Mitochondria – the energy factories of our cells – contain their own distinct genome that encodes for key components of the machinery that carries out oxidative phosphorylation. This genome, mtDNA, is only ca 16 kbp long in humans but is essential for efficient energy production. MtDNA defects such as mutations, deletions or depletion cause a wide variety of rare genetic disorders, and have also been associated with more common disease states like neurodegenerative diseases and some cancers.

MtDNA instability

The mtDNA is constantly exposed to various endogenous and exogenous insults that jeopardize its stability and may lead to alteration or loss of the genetic information encoded in this vitally important molecule. Known causes of mtDNA instability include reactive oxygen species, radiation and toxic chemicals, but also replication errors that can arise from e.g. defects in the machinery that catalyzes mtDNA replication or a shortage or imbalance of the DNA building blocks, dNTPs (Figure 1).


Figure 1. A simplified overview of mtDNA instability. Various forms of insults and stresses (in blue) can damage or alter the genetic information encoded in the mtDNA by introducing e.g. strand breaks, oxidized bases or mismatches. MtDNA instability is associated with numerous forms of human disease. (Image created using BioRender.)

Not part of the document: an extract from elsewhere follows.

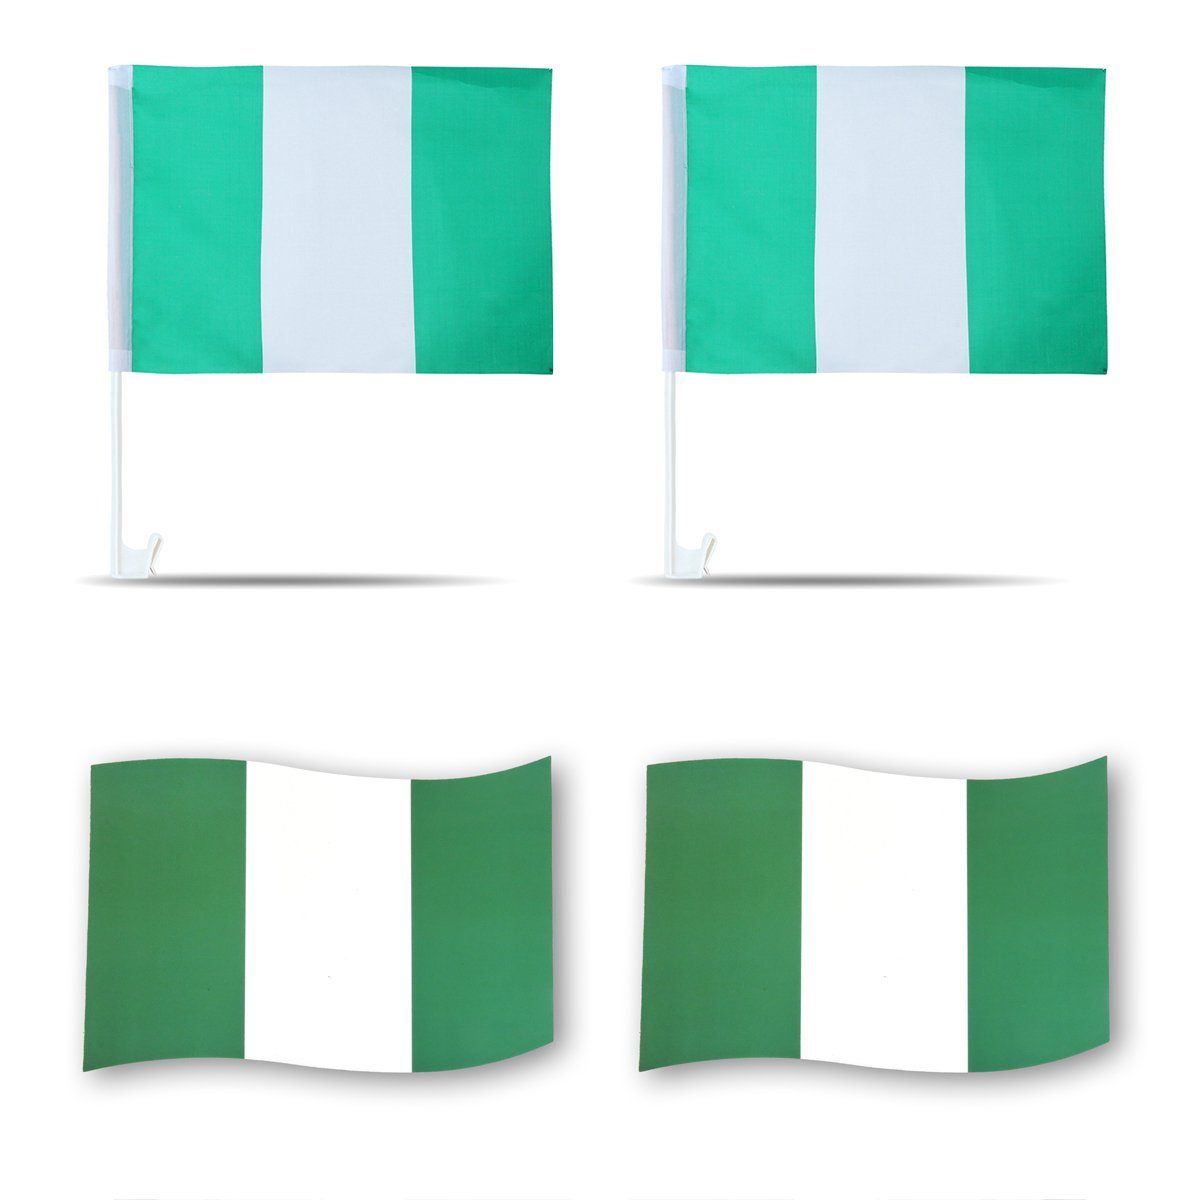 Magnete: Nigeria Fanpaket Fußball Autofahnen, Originelli Sonia "Nigerien" 3D-Effekt Fahne Flaggen Fahren Magnet

The major aim of our work is to increase our understanding of the array of mechanisms that either prevent, or help cope with, various forms of mtDNA instability. Our research projects address an array of questions related to mtDNA instability, ranging from the requirements for faithful mtDNA replication and the effects of incorporated ribonucleotides to the cellular consequences of mtDNA instability.

Requirements for faithful mtDNA replication

MtDNA replication is carried out by a dedicated replication machinery that consists of the mitochondrial DNA polymerase ɣ, the TWINKLE helicase and the mitochondrial single-stranded DNA-binding protein mtSSB. Defects in any of these factors of the core replisome can result in mtDNA instability in the form of mtDNA depletion, mutations or large deletions, and consequently human disease 1. In addition to the functional replisome, mtDNA maintenance also requires a sufficient and balanced supply of dNTPs. A part of our research will help define the requirements for faithful mtDNA replication in terms of both protein factors and the dNTP supply.

Effect of ribonucleotides on mtDNA stability

A peculiar feature of mtDNA is that it contains incorporated ribonucleotides (rNMPs), building blocks that are normally used to build RNA but occasionally get incorporated into DNA during the replication process. In contrast to the nucleus that contains a dedicated repair pathway for the removal of rNMPs incorporated in the genome 2, mitochondria lack efficient rNMP repair and these building blocks therefore persist in the mtDNA 3.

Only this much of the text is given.